I have a lieutenant tang, powder blue tang, scopas tang, 2) yellowtail damsels, a fiji blue devil damsel, and a cleaner wrasse, and none of the other fish have been remotely acting like this. The lieutenant is breathing about 3 times faster than the scopas.

Does anyone have a remote idea of what could be causing this? I was thinking ich is infested in his gills but i thought i would either see the ich on his skin or the other tangs would be displaying similar symptoms. Another thought is it could possibly be HLLE but could that cause the 'freaking out'? My first thought would have been HLLE if i didn't witness him ramming his face into the glass wall and top.

The lieutenant has been through hypo twice and the same with prazipro. I added him in with the scopas, who wasn't QTed, so im redoing the hypo and prazi. Shouldn't the scopas be the one that is freaking out cause he hasn't been QTed??

I'm confused and freaking out since i don't want to lose him, any help is appreciated!
 
Temperature? Likely has ich in his gills. Those three tangs in a 75 or 125 is not good judgement. So what is going to convince you that QT is a good idea?
 
Could be ammonia poisoning. Check your levels, then check Nitrites. If you have nitrites you had ammonia and damage could already be done. Get the water quality checked. Also, get the SG up. These guys can only go so long in hypo. It damages kidneys in long term. If you want to maintain hypo, do it at 1.015. Add some methelene blue. 2 drops per gallon. Very safe and may help with O2.

However, do the SG raise over days. .002 per day.
 
Could be ammonia poisoning. Check your levels, then check Nitrites. If you have nitrites you had ammonia and damage could already be done. Get the water quality checked. Also, get the SG up. These guys can only go so long in hypo. It damages kidneys in long term. If you want to maintain hypo, do it at 1.015. Add some methelene blue. 2 drops per gallon. Very safe and may help with O2.

However, do the SG raise over days. .002 per day.

This was his display tank. Unless he killed a lot of stuff and forced a cycle, ammonia is unlikely, although it never hurts to check. Hypo at 1.015 has no effect on cryptocaryon irritans. Best way to increase dissolved oxygen is to the lower the temperature.
 
From Wikipedia:

Scientific Designation:

A tri-cyclic compound: 3,7-bis(dimethlamino)-phenazathionium chloride


Common Names:

Methylene Blue, Methylthionate Chloride, Urolene Blue. A stock solution (3.7 mg/ml.) can be made by dissolving 1.4 grams of powder in 380 ml.s of water. In actual practice, most folks simply buy stock solutions.

Uses/Symptoms:

Most promisingly as a preventative... against fungal and bacterial action on freshwater fish eggs. Though sometimes suggested as a treatment for ich, velvet, Cryptocaryon, Amyloodinium, other protozoa, monogenetic trematodes... there are far more useful medicines for actual treatment of these pathogens.

Dosages/Regimens:

Toxic to aquarium plant life, as well as nitrifying bacteria... Methylene Blue should not be used for prolonged exposure, or in permanent (main, display) systems... as it can/will kill off necessary beneficial bacteria.

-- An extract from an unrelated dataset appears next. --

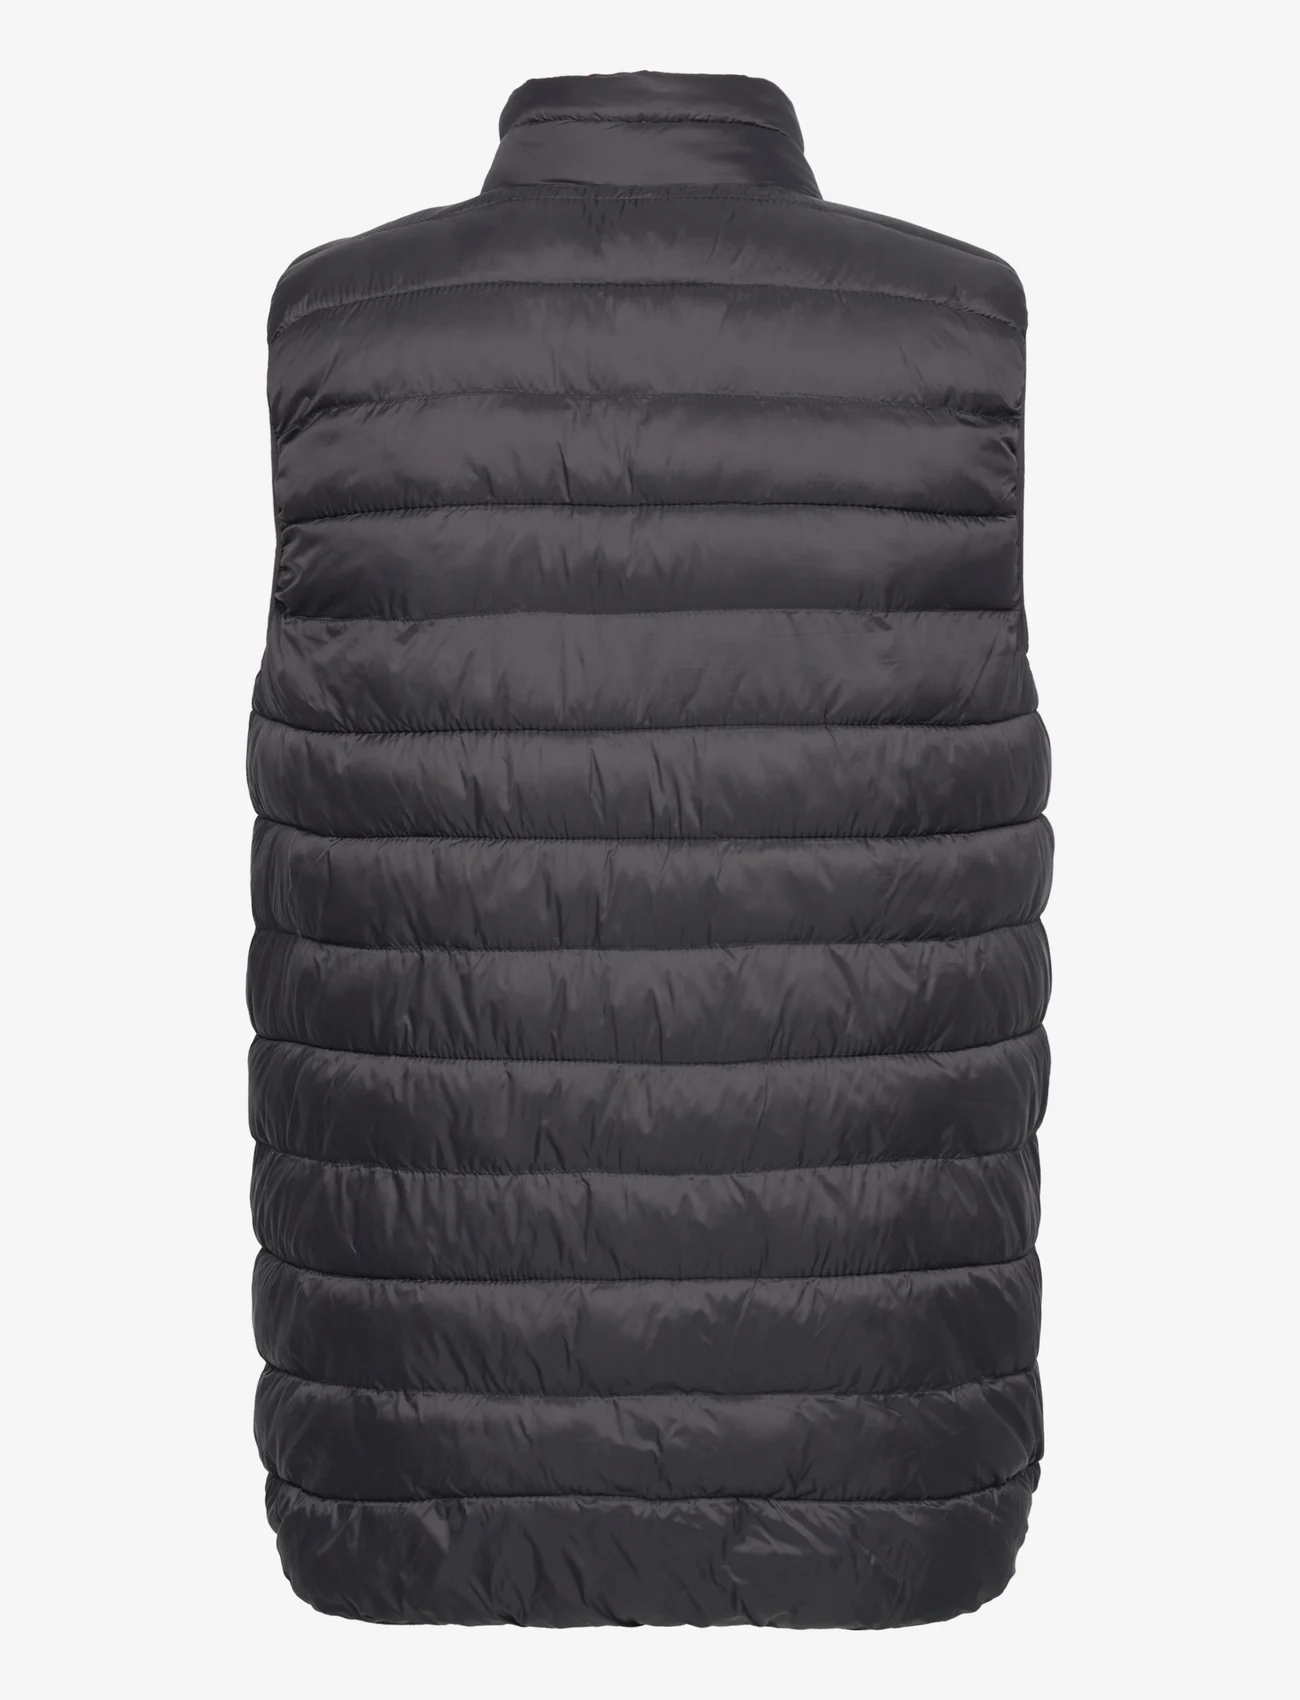 Kronstadt - Bo light vest - spring jackets - black - 1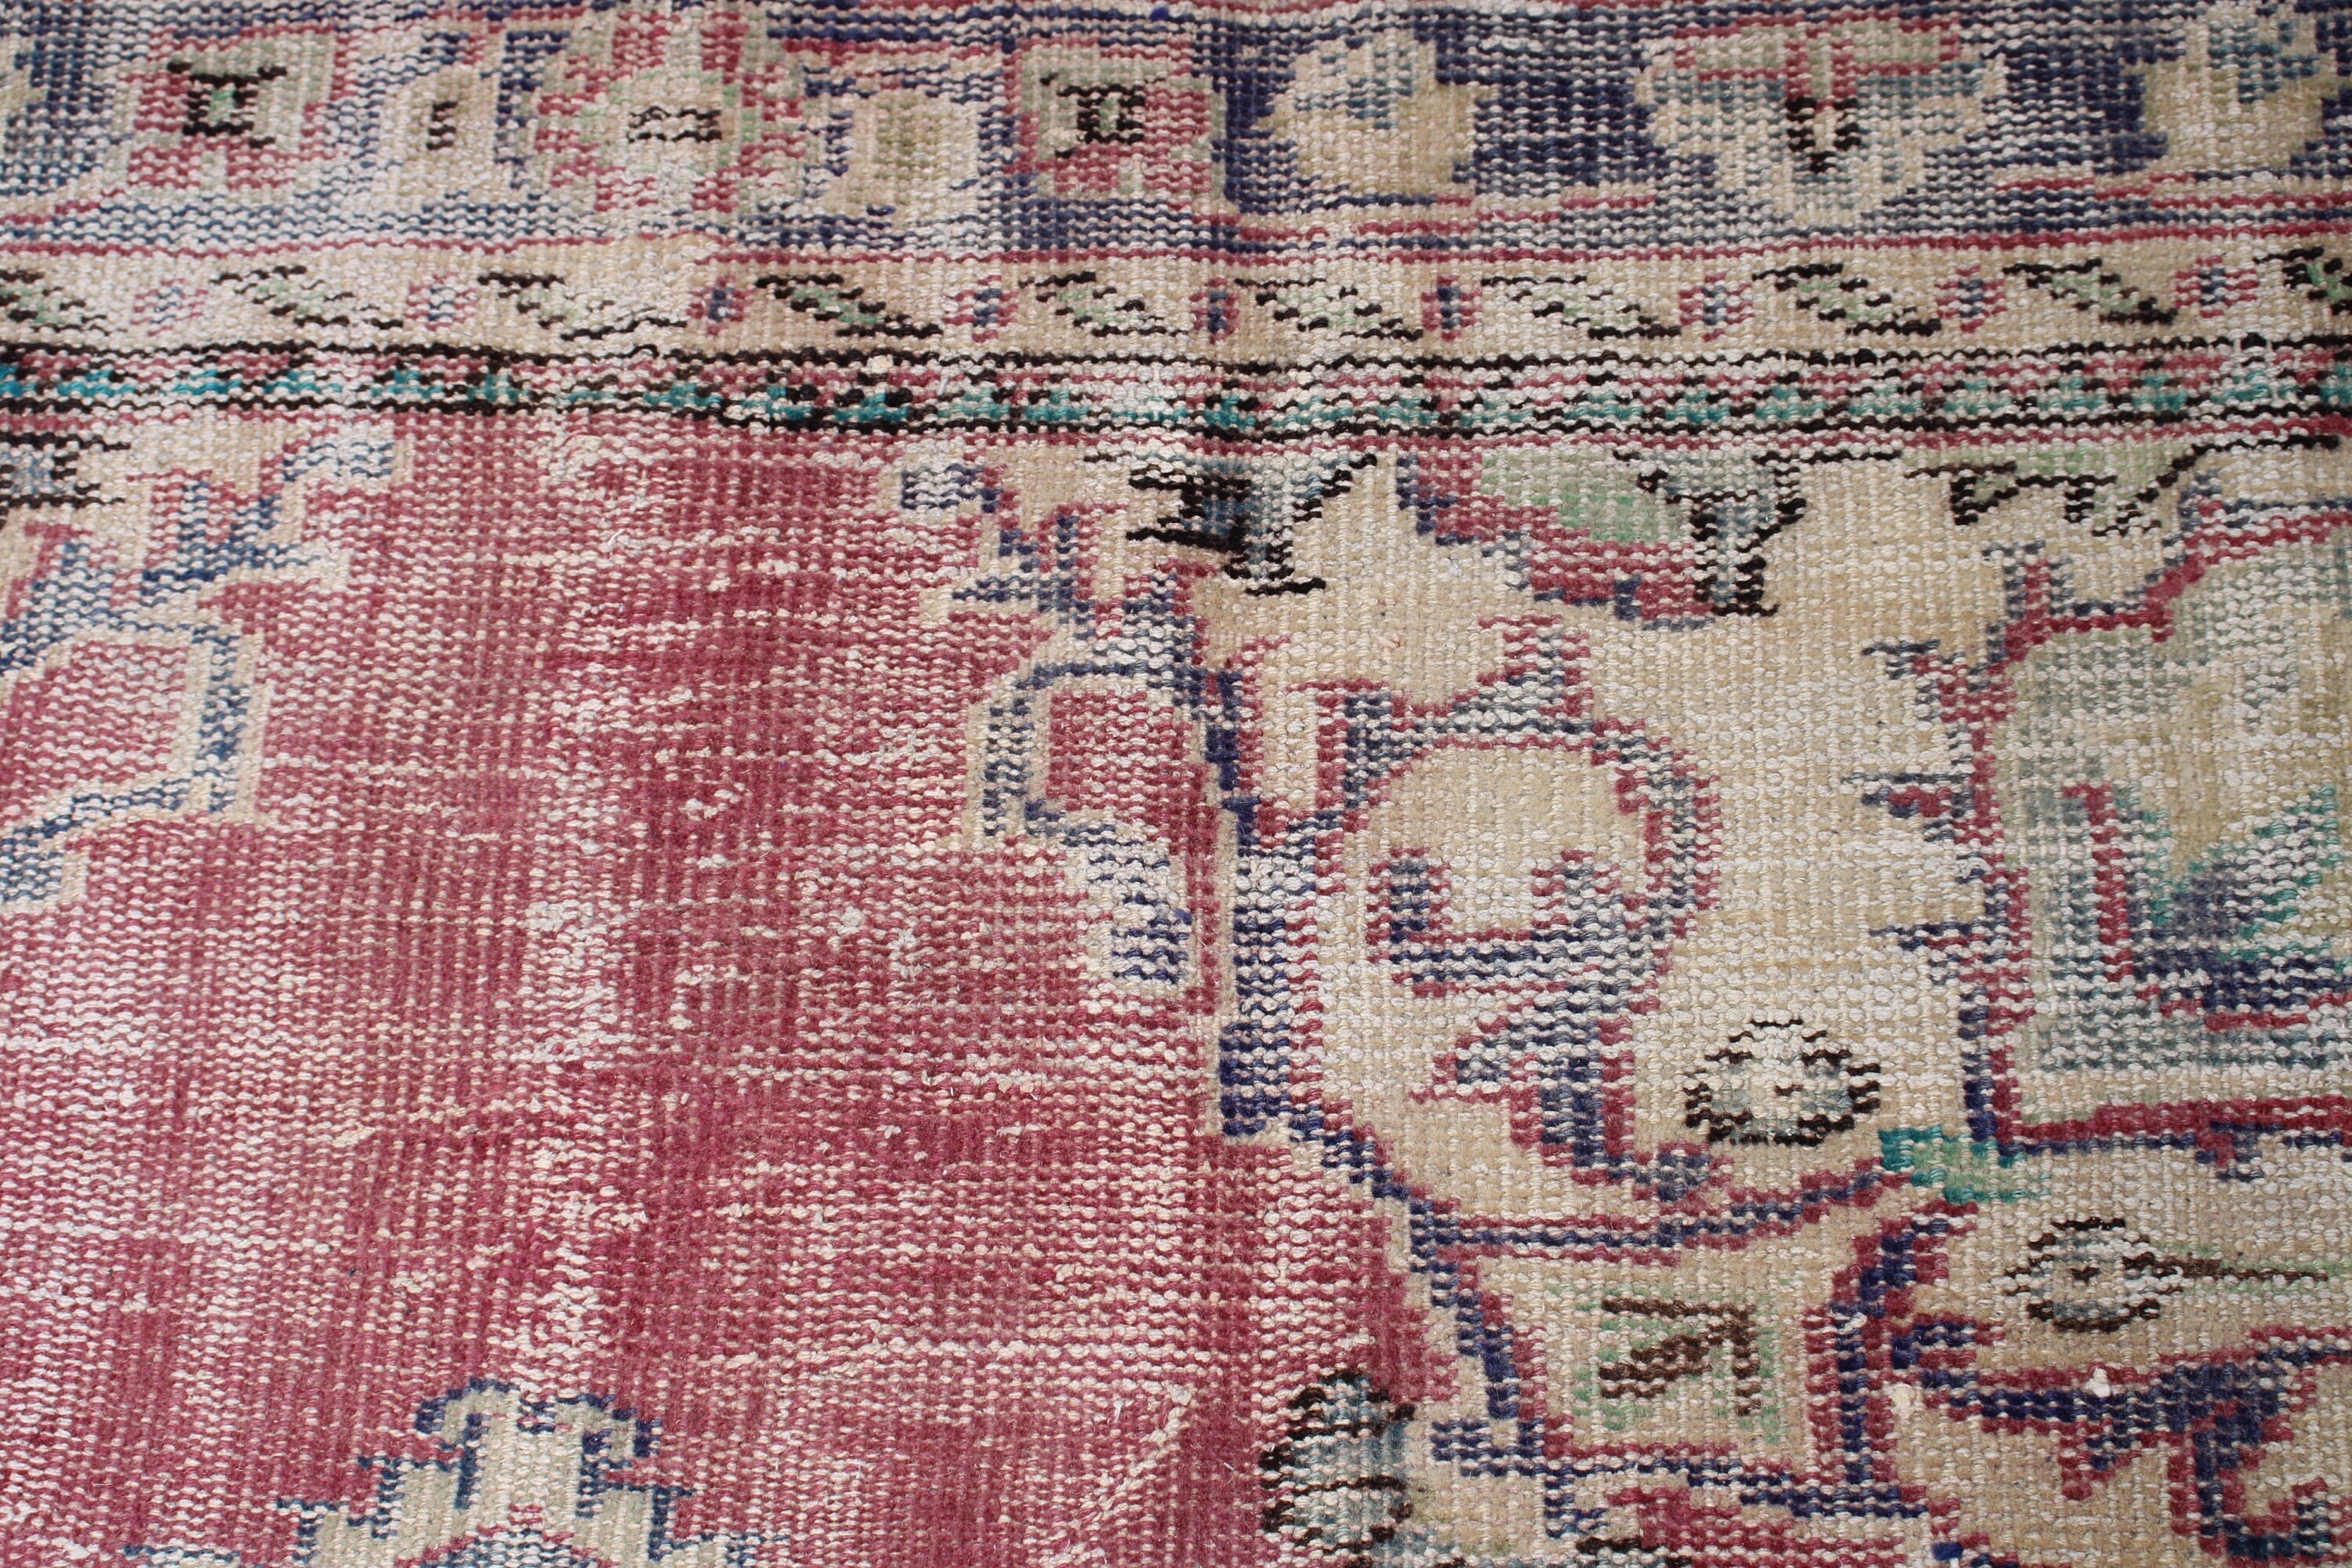 Oriental Rug, Wool Rugs, 2x4.3 ft Small Rugs, Art Rug, Entry Rug, Vintage Rug, Purple Wool Rugs, Turkish Rugs, Rugs for Entry, Door Mat Rug

There is evidence that utilizing Methylene Blue in concentration in the process of acclimating marine livestock reduces toxicity of nitrite and cyanide. The author (RMF) has used Methylene Blue as such a dip/bath adjunct for many years with good success. Please see here re: Dips/Baths. Methylene Blue converts otherwise bound Methemoglobin back to useful Hemoglobin in fishes' blood... it is useful in the in situ detoxification of nitrite and cyanide... Useful in dips/baths of newly imported livestock indeed.

Tolerances/Dangers:

Other than the contraindications stated above (not to be placed in long term contact, not with live plants)... Methylene Blue is relatively non-toxic in a very wide range of concentrations. Often, aquarists are advised to "just place as much as turns the water very blue"...

Use With Other Chemicals:

Methylene Blue can be safely mixed, added with other dip/bath compounds... it has no synergistic or antagonistic property with any known chemical used for aquarium medicine.

Close:

Though you may find folks advocating Methylene Blue as a "first line" treatment for bacterial, protozoan, even metazoan aquarium life treatment (even here!), you are advised that there are far more efficacious medicines for these groups of pathogens. This being stated, there is no harm in having Methylene Blue as an addition... or using it where it is best... as a dip/bath additive or in fungal prevention in freshwater fish culture. Be aware that this materi medica is phytotoxic, will stain most everything in prolonged contact, concentration... and can kill off your nitrifying (biofilter) bacteria. It should NOT be placed in continuous presence (in main/display) tanks for these reasons, and is not useful as a net/specimen container disinfectant.
 
From Wikipedia:

Scientific Designation:

A tri-cyclic compound: 3,7-bis(dimethlamino)-phenazathionium chloride


Common Names:

Methylene Blue, Methylthionate Chloride, Urolene Blue. A stock solution (3.7 mg/ml.) can be made by dissolving 1.4 grams of powder in 380 ml.s of water. In actual practice, most folks simply buy stock solutions.

Uses/Symptoms:

Most promisingly as a preventative... against fungal and bacterial action on freshwater fish eggs. Though sometimes suggested as a treatment for ich, velvet, Cryptocaryon, Amyloodinium, other protozoa, monogenetic trematodes... there are far more useful medicines for actual treatment of these pathogens.

Dosages/Regimens:

Toxic to aquarium plant life, as well as nitrifying bacteria... Methylene Blue should not be used for prolonged exposure, or in permanent (main, display) systems... as it can/will kill off necessary beneficial bacteria.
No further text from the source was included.